Generally reference is made to the annual rate of increase in output.
A distinction is drawn between long-term or the trend rate of growth, and
the short-term or cyclical rate of economic growth.
o Heterodox economists typically refer to trend vs cyclical growth and
Neoclassicals to long-run vs short-run rates of economic growth.
Growth is typically measured by the annual rate of change in GDP at
constant prices. It is sometimes measured by the annual rate of change of
GNP at constant prices. The difference between GDP and GNP is that the
latter looks is a measure of all goods produced by enterprises owned by
nationals of a country whether geographically located in or outside of the
country, while GDP simply looks at what is produced in a given country,
whether by local or foreign enterprises. World GDP and world GNP are, by
definition, equal.
GDP is measured using a combination of techniques. One is by direct survey
of goods produced, e.g., cars by the 10 largest manufacturers, or potatoes
but the 500 largest farms. The other technique is by estimation; taking the
value of what is produced in a sector and then estimating the rise in prices in
that sector and deducting it from the increase in value.
Growth is seen as important by most economists in the sense of being a
precondition for higher living standards and economic power.
Growth is seen as important for a government’s popularity only over the long-
term.
For developing countries, with a population growth of about 1.5% per annum a
good trend growth rate would be above 5%. A rapidly growing developing
country could be expected to achieve an average rate of growth of around
7%+.
Inflation
INFLATION is defined as an increase in the aggregate money price level.
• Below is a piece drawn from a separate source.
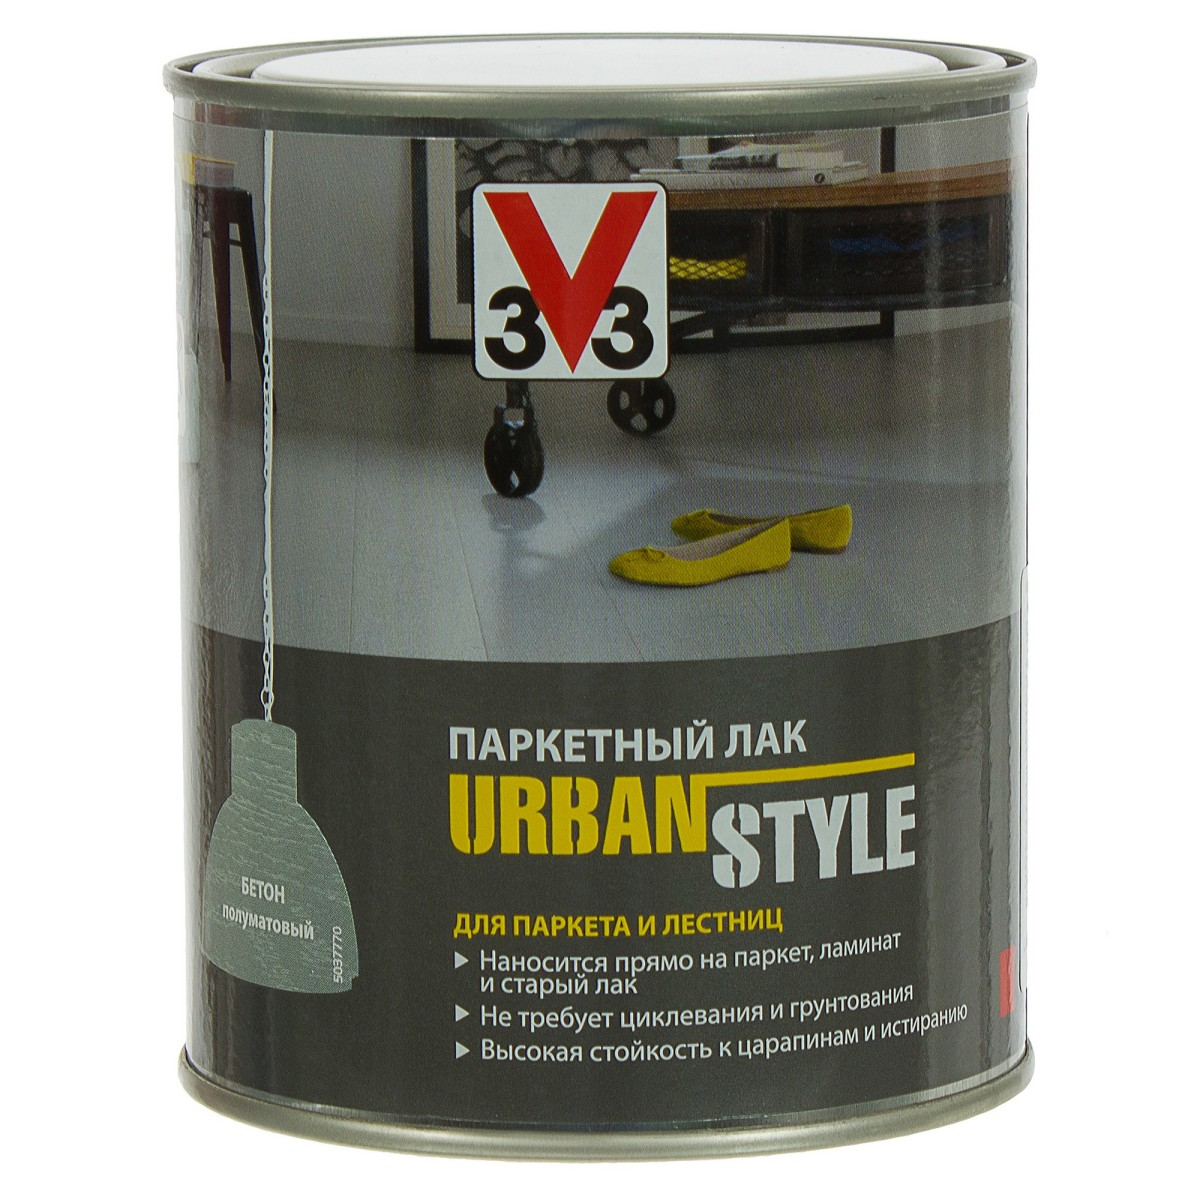 Лак Urban style V33 цвет бетона 0.75 л

Generally reference is made to the annual rate of inflation.
Distinctions are also drawn between short-term fluctuations and long-term
trends, but this distinction is not as common as with growth.
o Again, there are differences between Neoclassical and Heterodox
which stem from a denial of cycles by Neoclassicals.
Distinctions are also made between consumer, producer and economy-wide
inflation. Consumer inflation is a measure of price increases in consumer
goods. Producer inflation is a measure of price inflation in goods that are
used as productive inputs by producers. And, economy-wide inflation
measures the rise in prices of all goods produced in a country. It excludes
import prices, whereas both consumer and producer inflation measures take
this into account.
Inflation is seen as particularly important for governments’ popularity over
the short-term. It is well-known that as elections near government’s become
particularly worried about their performance on the inflation front.
Inflation is seen as particularly important for businesses in general, and
certain sections in particular. Financial markets typically do not like inflation
because it erodes the value of financial assets (e.g., the value of loans) and
typically causes bond and other financial market prices to fall.
Economists differ about what levels of inflation are ideal. Neoclassicals
tend to favour zero or very low levels of inflation, while Heterodox
economists are less worried about inflation, particularly if it accompanies
(and is mostly due to) a rapid growth process.